Composite function gradient

244 Views Asked by At

Suppose I have smooth maps $g:R^m \rightarrow R^n$ and $f:R^n \rightarrow R$. Then I think $$\nabla (f \circ g) = (\nabla g)^T (\nabla f) \circ g,$$ where $\nabla g$ is the $n \times m$ Jacobian matrix. This is the only plausible answer that makes the dimension work out, and if I use row vectors instead of columns, it nicely resembles the univariate chain rule: $$\nabla (f \circ g) = ((\nabla f) \circ g) (\nabla g).$$ But can anyone prove it? And is there some way this can work with column vectors that doesn't involve transposing the Jacobian? Thanks!

1

There are 1 best solutions below

0
On BEST ANSWER

It is convenient to approach this kind of problems with a more general and convenient rule.

Using the chain rule for differentials $d(f\circ g)(x, dx)=df(g(x),dg(x,dx))$: $$d(f\circ g)(x, dx)=\nabla (f\circ g)\cdot dx=df(g(x),dg(x,dx))=(\nabla f)\circ g\cdot dg(x,dx)=$$ $$=(\nabla f)\circ g\cdot\nabla gdx=\operatorname{tr}([(\nabla f)\circ g]^T\nabla gdx)=(\nabla g)^T (\nabla f)\circ g\cdot dx$$ $\cdot$ is the dot product, also i have used the property of trace $\operatorname{tr}(A^TB)=A\cdot B$.
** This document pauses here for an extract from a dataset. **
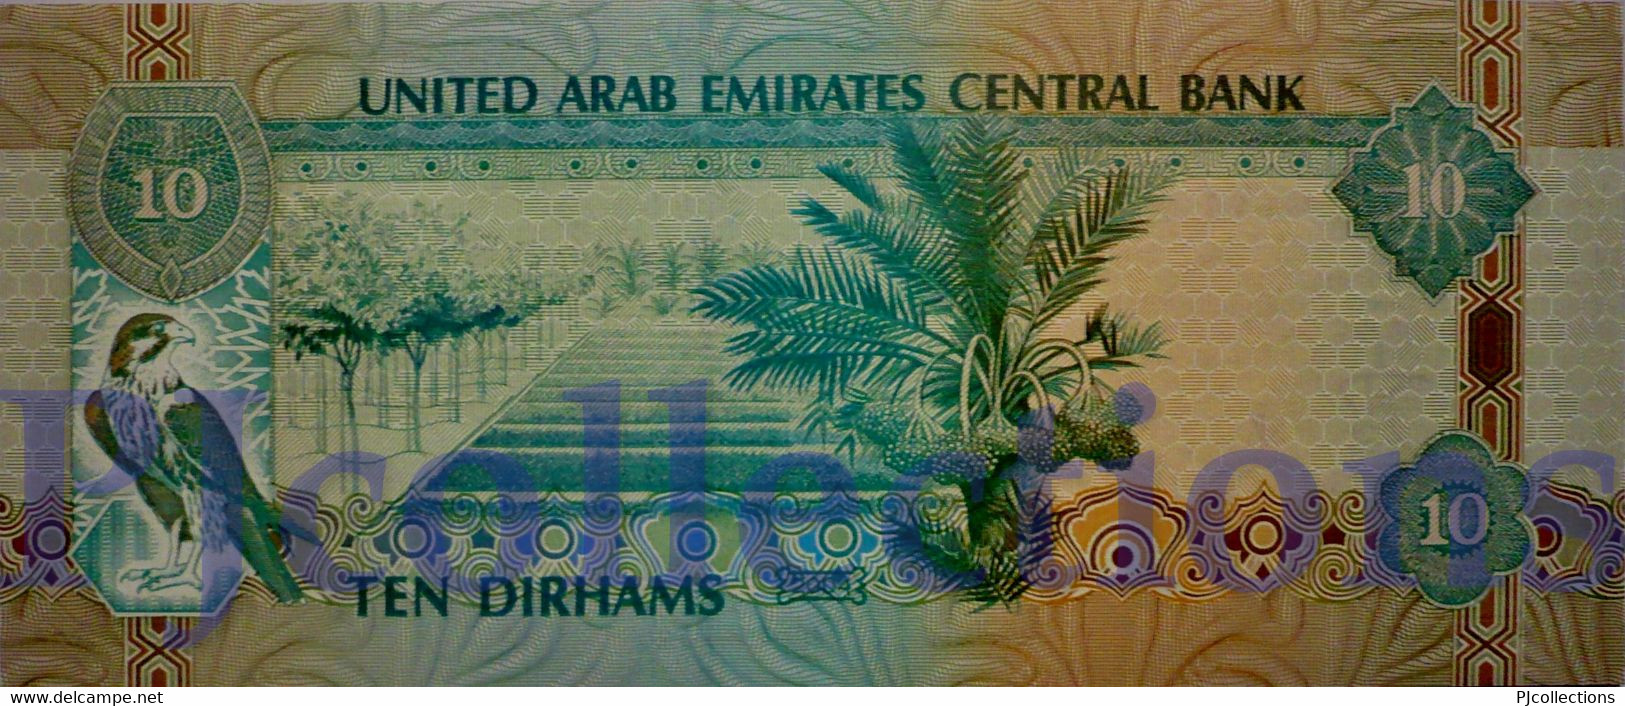 UNITED ARAB EMIRATES 10 DIRHAMS 2004 PICK 20c UNC - United Arab Emirates

So we have from the derivation above that $$\nabla (f\circ g)=(\nabla g)^T (\nabla f)\circ g$$

Proof sketch for the chain rule above:

Using the definitions of differentials $$f\circ g(x+h)=f\circ g(x)+d(f\circ g)(x, h)+o(||h||)$$ $$g(x+h)=g(x)+dg(x,h)+o(||h||)$$ Putting them in the composition $$f\circ g(x+h)=f(g(x)+dg(x,h)+o(||h||))=$$ $$f\circ g(x)+df(g(x),dg(x,h)+o(||h||))+o(||dg(x,h)+o(||h||)||)=$$ $$=f\circ g(x)+df(g(x),dg(x,h))+df(g(x),o(||h||))+o(||dg(x,h)+o(||h||)||)=$$ $$=f\circ g(x)+df(g(x),dg(x,h))+o(||h||)$$ because $df(g(x),o(||h||))+o(||dg(x,h)+o(||h||)||) \in o(||h||)$, i omit here tedious epsilon-delta manipulations to prove this fact, but it can be shown using continuity and linearity of $df, dg$ in $h$.

So from the first formula and the last and from the uniqueness of differential we have $$d(f\circ g)(x, h)=df(g(x),dg(x,h))$$